Thanks John - unforatunately I don't can't find the manual - is it likely that I could find that on line or via the store it was purchased at? I'm sure it isn't under warranty as it is 2 yrs old. I guess all in all, $150 is much better than replacing the unit.


----------



## JohnWill (Oct 19, 2002)

You can usually find the manuals on-line, but you'll need the exact model number to do the searching.


----------



## debclement (Nov 18, 2008)

While the TV was on our cable and internet went out. Went it did so, I heard a pop and click on the TV. This is a Toshiba SLS DLP big screen TV. I called cable company and they said there was a cable/internet outage in the area but the tv should come right back on. Now the sound comes up and the TV turns itself on and off on and off.

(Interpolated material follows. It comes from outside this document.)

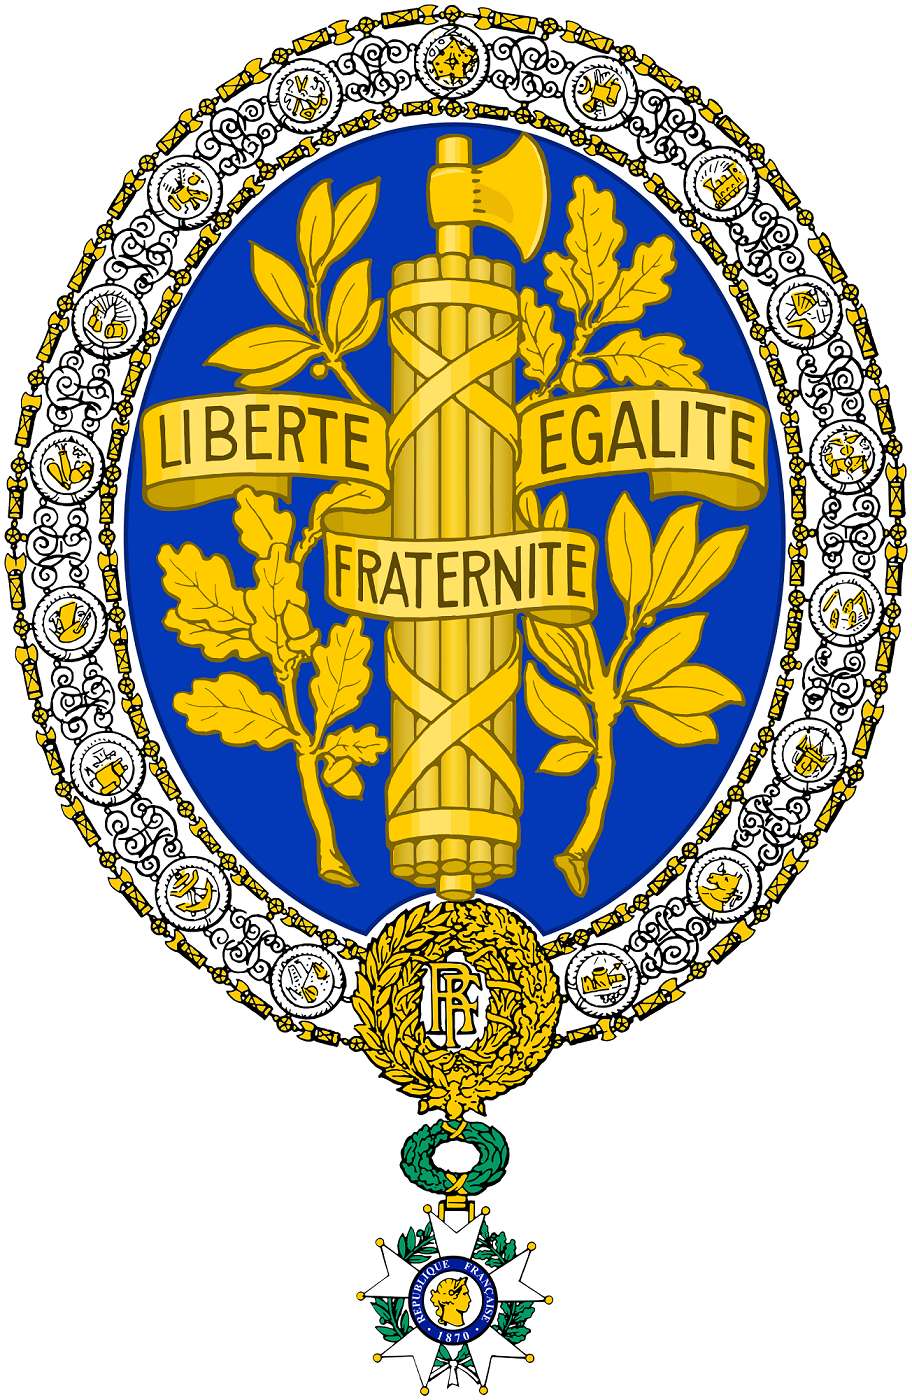 Armes de la République française, créées sous la IIIe République, à noter cette présence très importante du bleu. © Wikimedia Commons, domaine public.

There is a yellow light that blinks on the front and written under the yellow light is the word "lamp" this light is next to the blue power light.


----------



## JohnWill (Oct 19, 2002)

Repeating the post won't help solve the problem. How about the exact model of the TV?


----------



## debclement (Nov 18, 2008)

Hi John - I finally was able to track down the details on my Toshiba.
SRS WOW
Dolby Digital
DLP
Model 56HM66
Serial # 30310134
Chasis # TAC632
Lamp Replacement part is Y66LMP

Do you have a supplier that recommend ordering the part from, and again, how can I find the instructions to replace the lamp? Sorry for the delay in my response. Anything you can offer will be appreciated.


----------



## JohnWill (Oct 19, 2002)

Take your pick: http://www.google.com/search?hl=en&q=toshiba+dlp+lamp+Y66LMP&btnG=Google+Search

Most of the sites that sell the lamp also have detailed installation instructions.


----------